A cyberattack is a malicious and deliberate attempt by an individual or organization to infiltrate or disrupt the information systems of another individual or organization.
Usually, the attacker seeks some type of benefit from the attack. While many modern attacks are carried out for monetary gain, some attacks are simply meant to shut down the target’s technology, create chaos, or steal data that will then be used to execute future attacks.
There are many types of cyberattack, the nature and sophistication of which seem to be evolving by the day. Let’s begin our exploration by looking at some of the most common cyberattacks we’re facing.
Common Types of Cyber Attack
Malware is a term used to describe a wide range of malicious software, including spyware, ransomware, viruses, and worms. Malware breaches a network through a vulnerability, typically when a user clicks a dangerous link, file download, or email attachment. Once inside the system, malware can:
- Block access to key components of the network (ransomware)

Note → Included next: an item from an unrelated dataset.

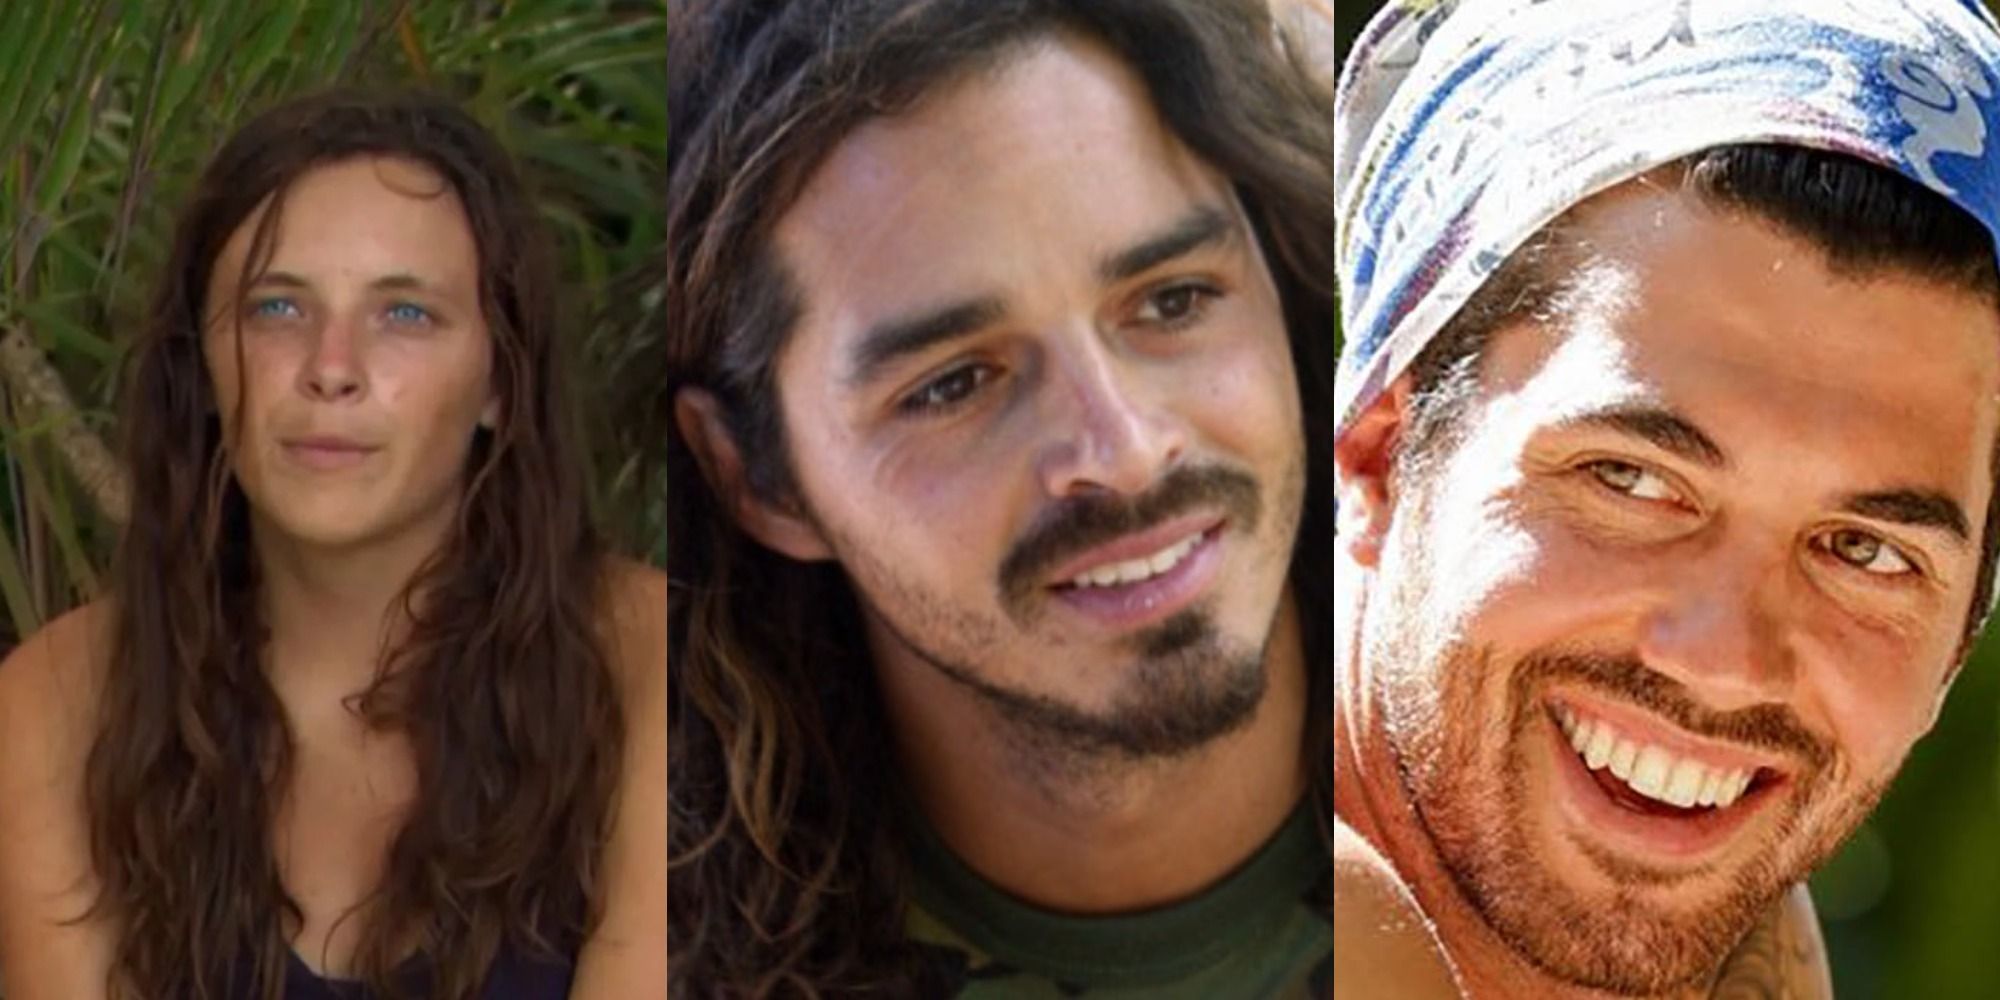 Survivor: 10 Players Fans Changed Their Minds About, According To Reddit

- Install additional harmful software and propagate it to other devices and networks
- Transmit data from the hard drive (spyware)

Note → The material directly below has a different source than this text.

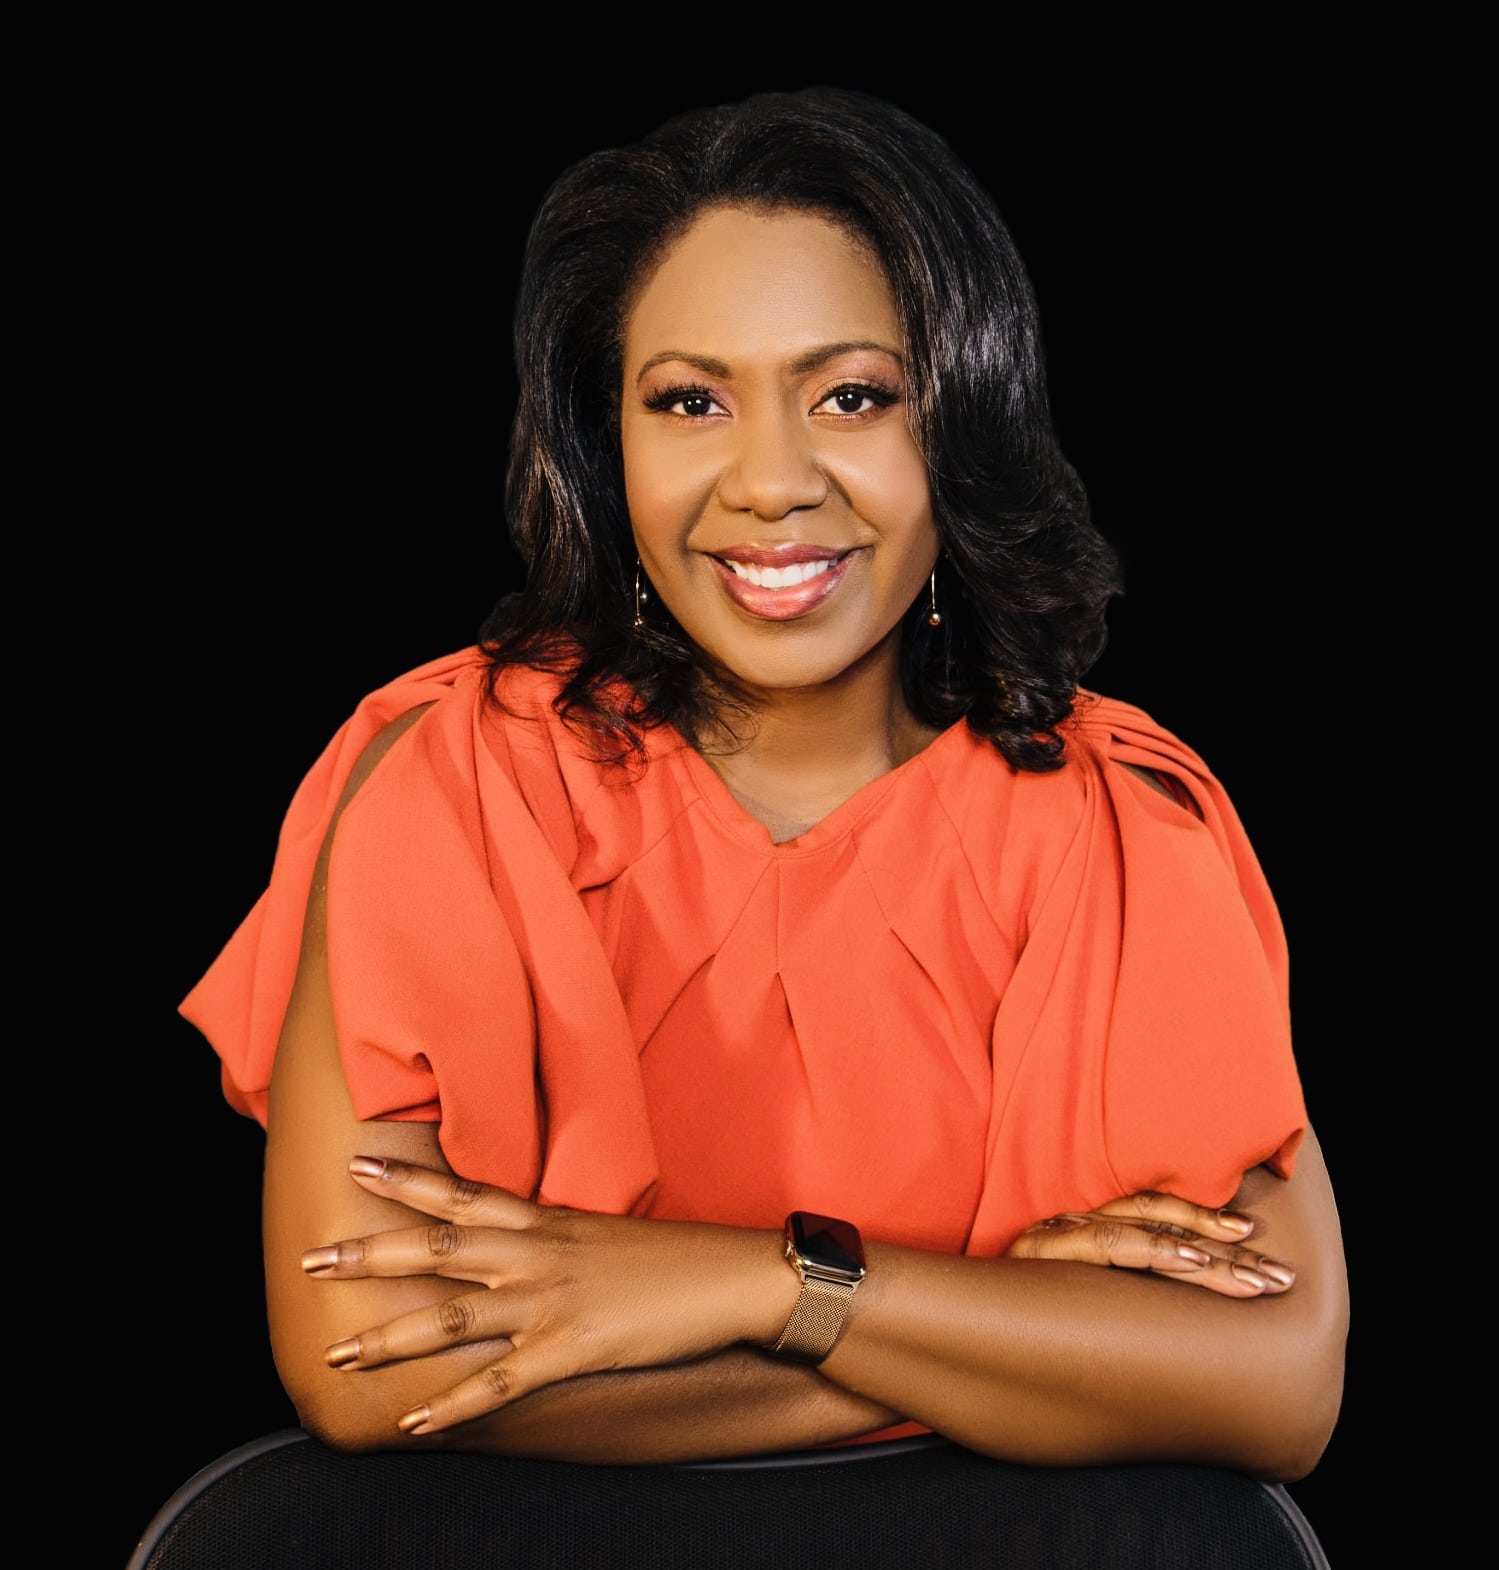 Photo of NMF President and CEO Michellene Davis in front of a black background wearing an orange blouse.

- Log user behavior and capture login data (keyloggers)
- Disrupt certain components and render the system inoperable
Ransomware is a type of malware used mainly for monetary gain. It encrypts a victim’s data, after which the attacker demands a ransom to restore access. The ransom can range from a few hundred dollars to millions of dollars and is usually requested in the form of untraceable cryptocurrency.
Phishing involves fraudulent communications that appear to come from a reputable source. Typically, phishing emails are sent blind and in bulk. They appear to come from a shipping company, payment company, or other reputable source with messages that compel the user to click a link. Doing so initiates the download and installation of malware. Phishing is an increasingly common cyberthreat, which is why cybersecurity awareness training is becoming an absolute necessity.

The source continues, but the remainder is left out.